Is rent-to-own a scam?
There are many ways a would-be buyer can be led astray. Do your homework and be aware of the pitfalls before you sign.
The want ads practically shout from the pages of Craigslist: "Own a home for $699 a month," or "Rent to own! No background checks. No credit checks. No questions."
If you’re struggling either to sell a house or to qualify for a home mortgage, a lease-option or rent-to-own deal may sound tempting. In theory, both sides win. The seller gets a series of cash payments and the buyer immediately moves into his dream home, while gaining time to improve his credit score.
But before you consider a lease-option or rent-to-own agreement, make sure you understand the possible pitfalls. One misstep and your dream of homeownership could go up in smoke.
"It's very risky for the occupant to go into rent-to-own," said Donald Haurin, an economics professor at Ohio State University in Columbus. "All you have to do is violate some part of the contract — a late payment or some kind of maintenance obligation — and the owner can say the contract is violated. If there's some money that's been set aside for future equity, that can be lost."
Why rent-to-own is booming now
The declining housing market and tougher lending standards are putting pressure on sellers to help buyers. One tactic is a lease-purchase agreement, under which the buyer rents for a set period of time before exercising an option to purchase the home. It's especially attractive for sellers in a down market because it locks in a price that otherwise could continue to fall.
"A number of sellers, particularly developers, are turning to that," said John McIlwain, senior fellow for housing at the Urban Land Institute. "It's definitely growing."
Whether called rent-to-own, lease-option or lease-purchase, all these programs are similar in theory: The renter is buying the right to purchase the house later for a given price.

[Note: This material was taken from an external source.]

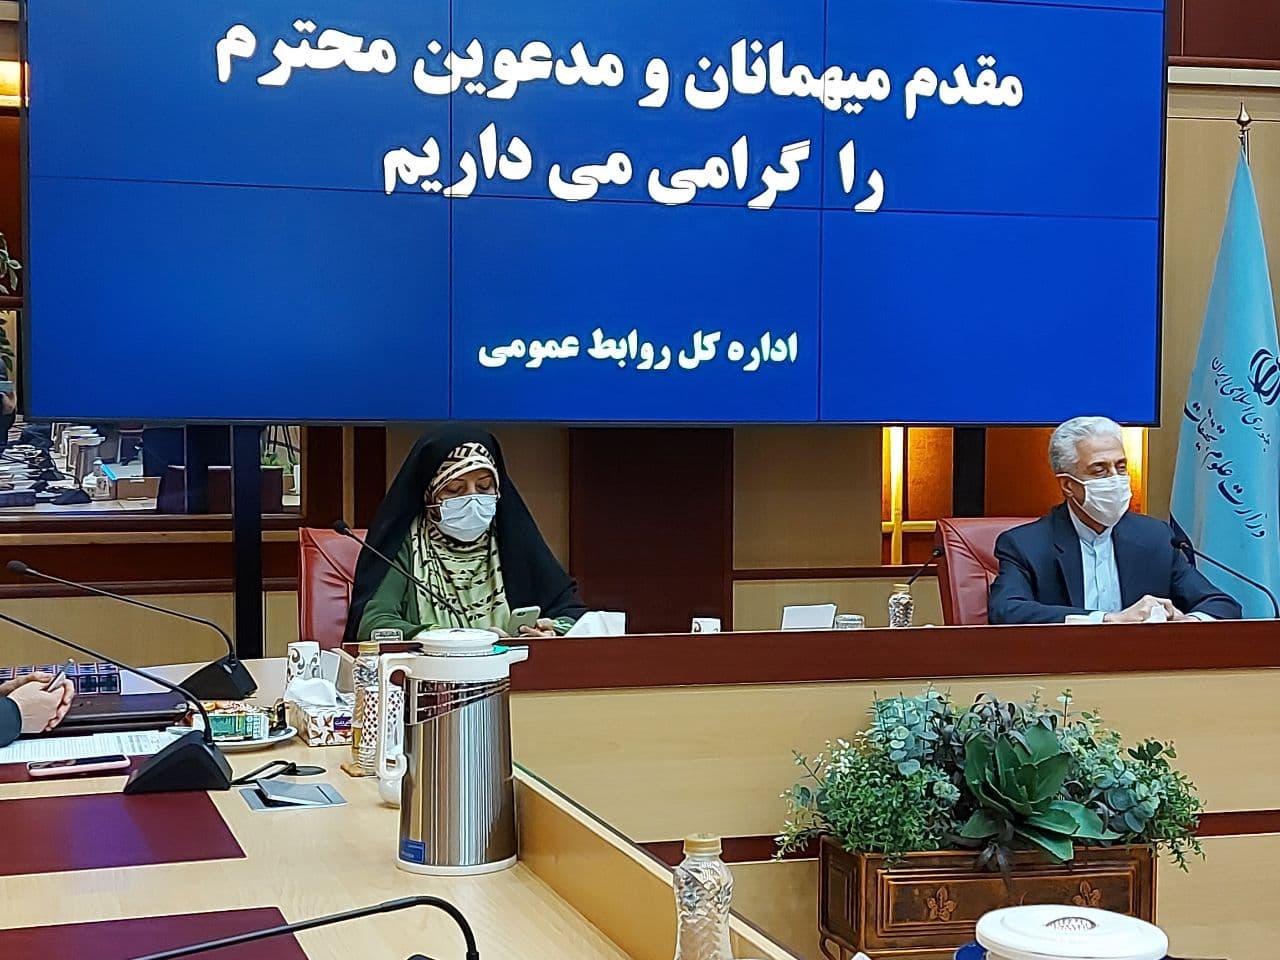 امضای تفاهم نامه وزیر علوم با معاون امور زنان رئیس جمهور

If, at the end of the agreement period, the renter doesn't qualify for a loan or simply doesn't want to buy, the landlord keeps the money.
Typically, renters pay either a large upfront fee, called an option fee, of 1% to 3% of the home's purchase price, or finance the option fee by increasing the monthly rent. Usually some or all of the option fee is credited as a down payment on the house.
During the rental period, the landlord still owns the home and is legally responsible for it, but the renters often maintain the property as their own.
Families get a jump on homeownership
A lease-purchase agreement let David and Andrea Colby of Athens, N.Y., move their family of four into a brand-new house without forking over any cash. All 12 months of rent payments were credited to their down payment when they closed on the house last year.
"It was a good way for us to transition into it, to make sure we liked the home," David Colby said. "We had an extremely positive experience."
Among the benefits of rent-to-own:
- The buyer can evaluate a neighborhood and property without making a 30-year commitment.
- Families can immediately enroll children in a desirable school district.
- The buyer can move right in despite credit problems, inability to document income or lack of financing.
- The seller gets a tenant with a vested interest in keeping up the property.
- The seller receives rental income to cover the mortgage, helpful in a slow real-estate market.
- The seller taps a broader market of potential buyers, instead of being limited to those with excellent credit and cash for a down payment.
- If a sale goes through, the seller may save on real-estate agent commissions.
A rent-to-own horror story
Before you get carried away, here’s a cautionary tale.
Julie Parker agreed to a rent-to-own deal because her Sylacauga, Ala., home had been on the market almost a year, and her family needed to move to Kansas City, Mo., for her husband to begin a master's program.
The woman who wanted the house couldn't document her income because she was largely paid in cash, Parker said. A mortgage broker said that if the tenant made on-time rent payments for 12 months and got rid of some debt, she could get a loan.
Before the year was up, the renter defaulted on the agreement and the house fell into disrepair. Parker gave birth to her third child, so the family didn't have the time or money to travel to Alabama to restore the house to salable condition.
"We couldn't pay the medical bills, and the mortgage and the house ended up going into foreclosure," she said.
Now, the Parkers' once-stellar credit is a mess. They aren't considering job opportunities outside of Kansas City because they couldn't qualify for a mortgage if they sold their current home and moved.